Friday, February 22, 2019

Thankful Update

In today's update on my life, I've got a lot to be thankful for.

I'm thankful for Canada's health care system.

And I'm thankful for the new model mac mini I now have.

I got the refurbished low-end base model of the new mac mini. It runs A LOT faster than the 1.4ghz. It's a dream come true. I'd very much recommend spending the extra few hundred dollars on the new mac mini rather than a refurbished 1.4ghz model.

I will note in this post::::: it appears that in order to get Gigabit ethernet working on the new Mac Mini ---- go to:

System Preferences > Network > Ethernet > Advanced > Hardware > Configure: Manually > Speed 1000 base T

I thought I'd mention that because either due to time machine preferences from my old machine or whether this is just a default setting ----- I had to manually switch to 1000 base t rather than using 100 base t ethernet.


As for my music recording and posting on Youtube::: I am doubtful I will have new content for tomorrow.


I TRIED to create content, but my one recording isn't any good, actually, the second recording wasn't that great either but it also was psychotic as I mentioned before.

Yeah ----- I have nothing.
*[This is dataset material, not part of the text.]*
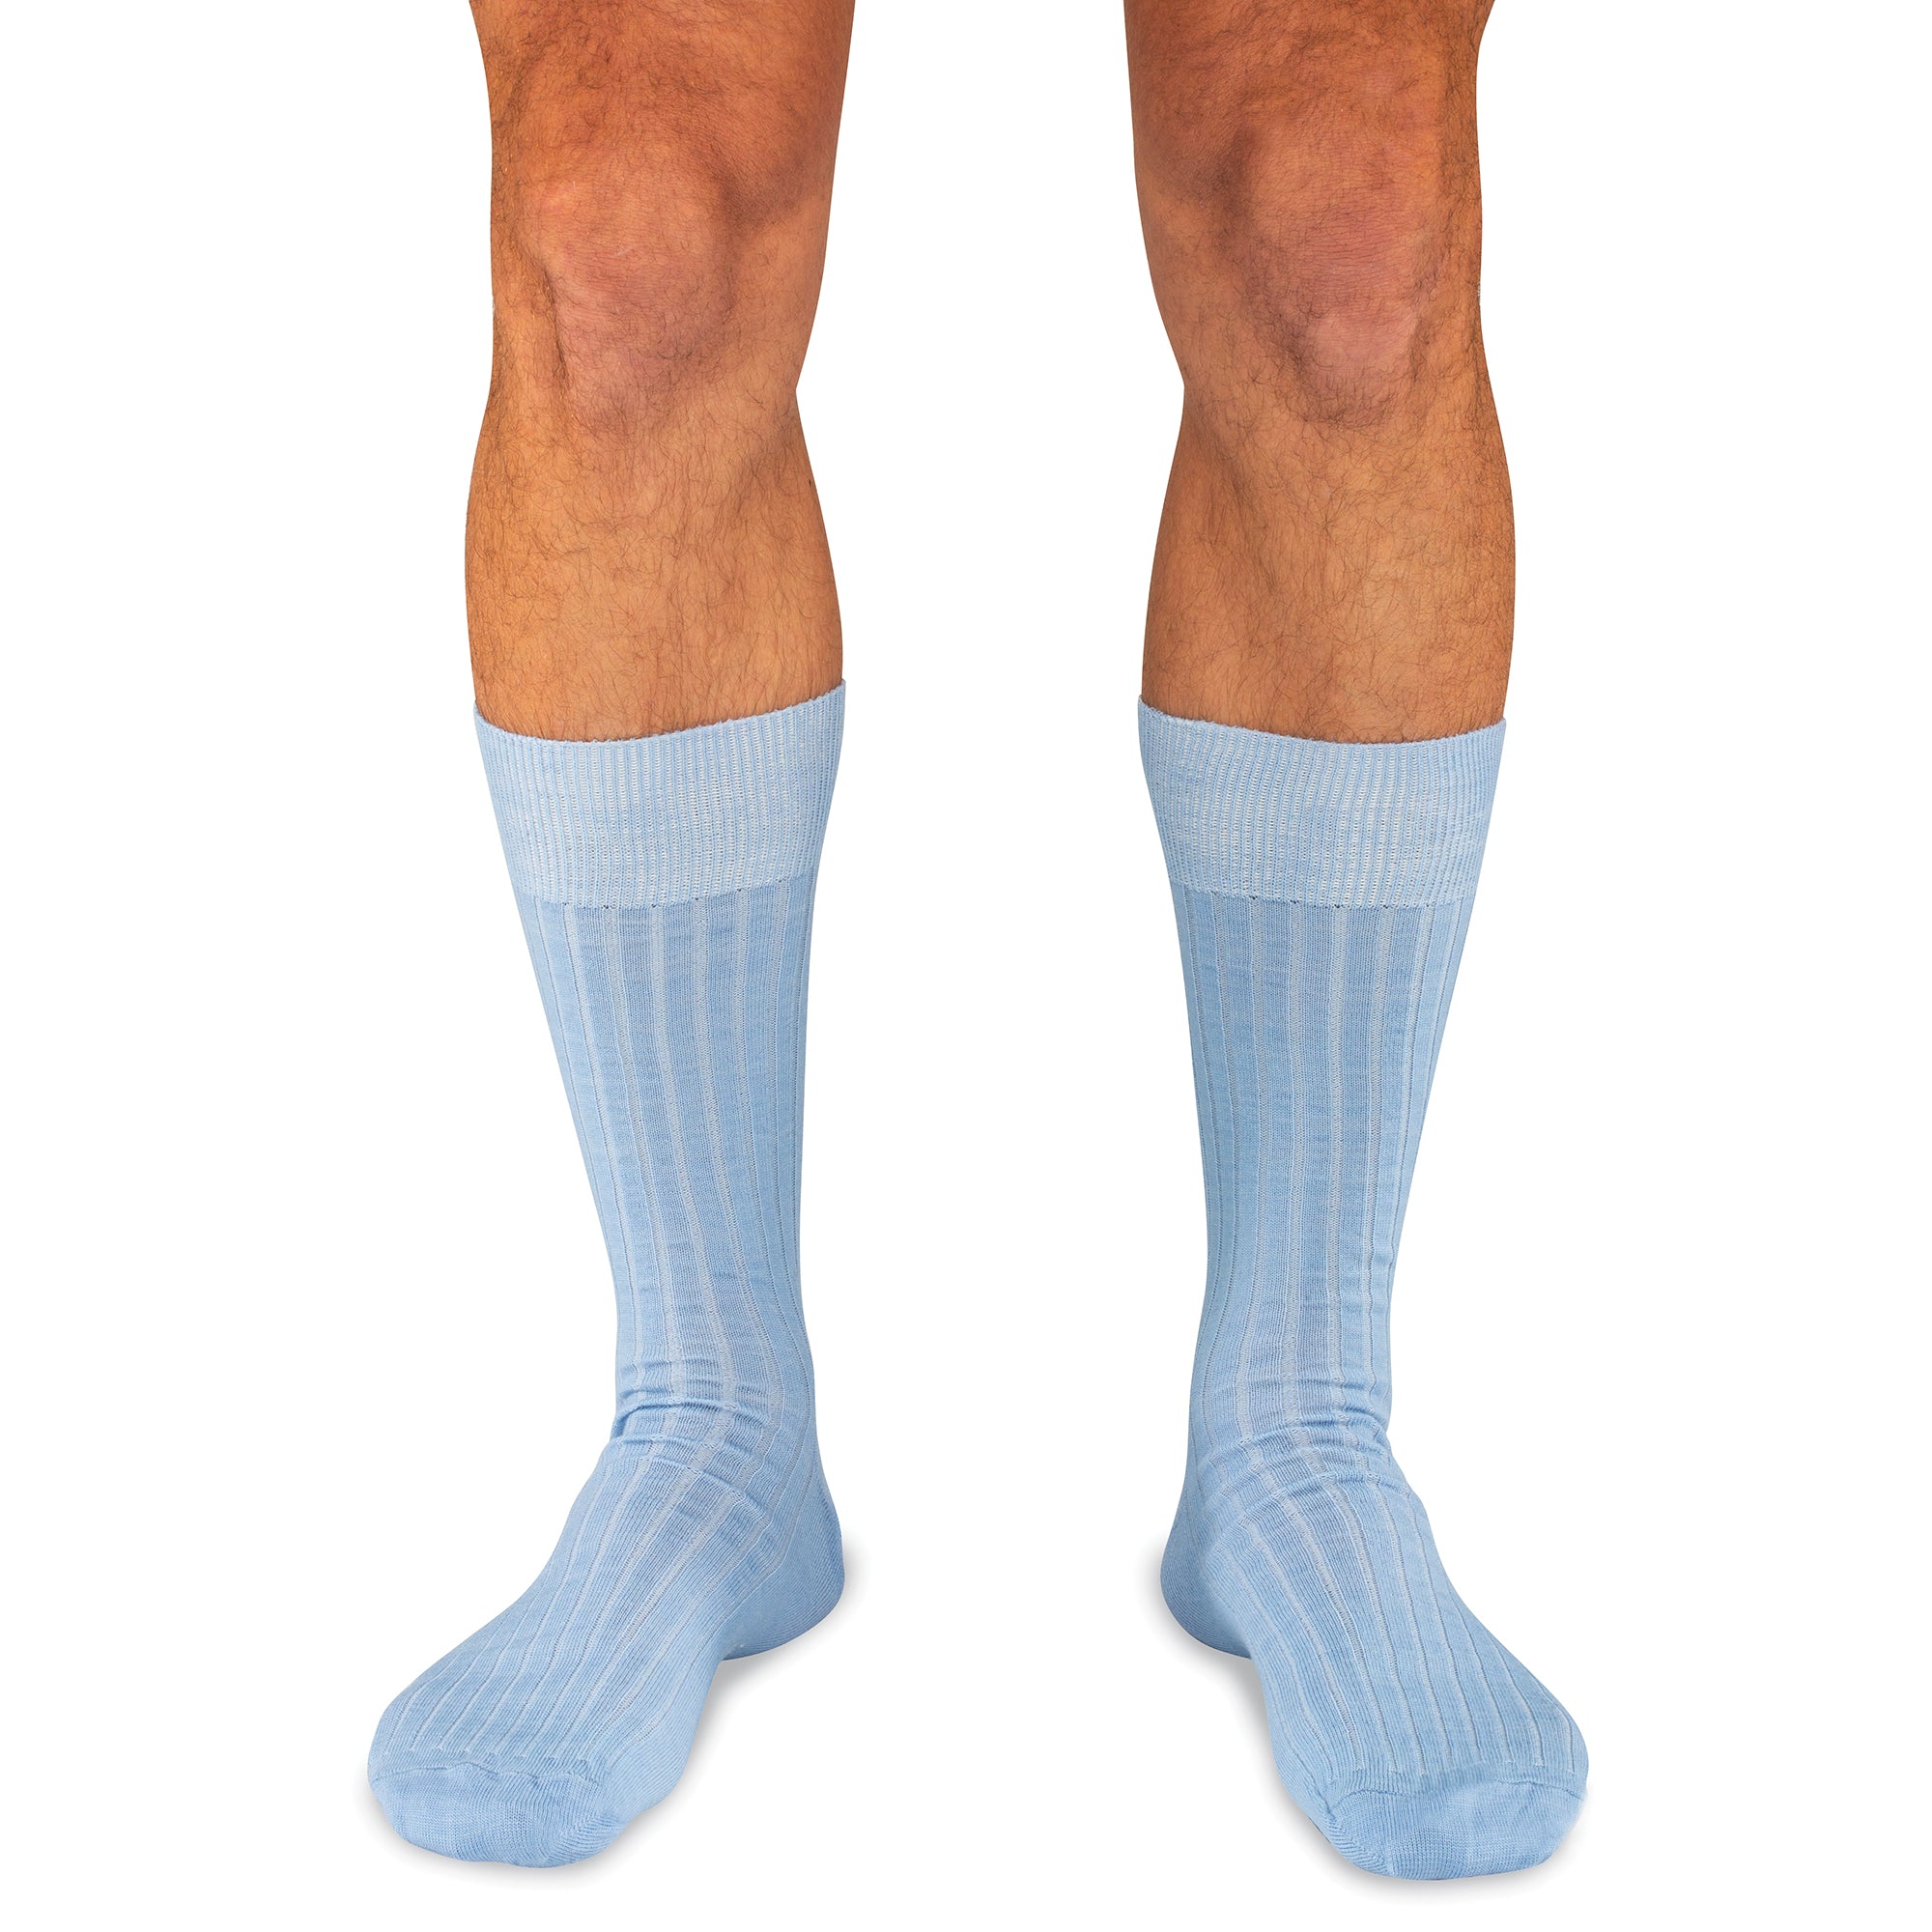 model wearing mid-calf length light blue merino wool dress socks

So much for a weekly program.


But yeah ---- Just great to have a health care system that cares,

and it's great to have a Mac Mini that is a lot zippier and works for the intended purposes.


Thank God.

Wednesday, February 20, 2019

Popularity

so:: I'm watching my Youtube stats ------ usually historically if I offered something for free, people would download it in droves. (OK -- 100 downloads of an ebook is "droves" in my head, while 100 video views on youtube are underwhelming)

Now that I'm Youtube ----- I've only got, basically, a trickle of interested people.

A trickle of people watching me on Youtube doesn't make me feel encouraged to publish on a streaming service.


So:::::


Looking at what I know about my income, my advertising, everything ---- how much do people like me?



Looking back on my life, people never really liked me. I've always seemed to have problems, even if something was going well for me in one area, there'd be problems in another.


Right now I can think of three options for my options of making money and being a popular seller:::

1) People just don't like me, they never have, and my royalties are negligible. This is the most basic at-face-value way I see things.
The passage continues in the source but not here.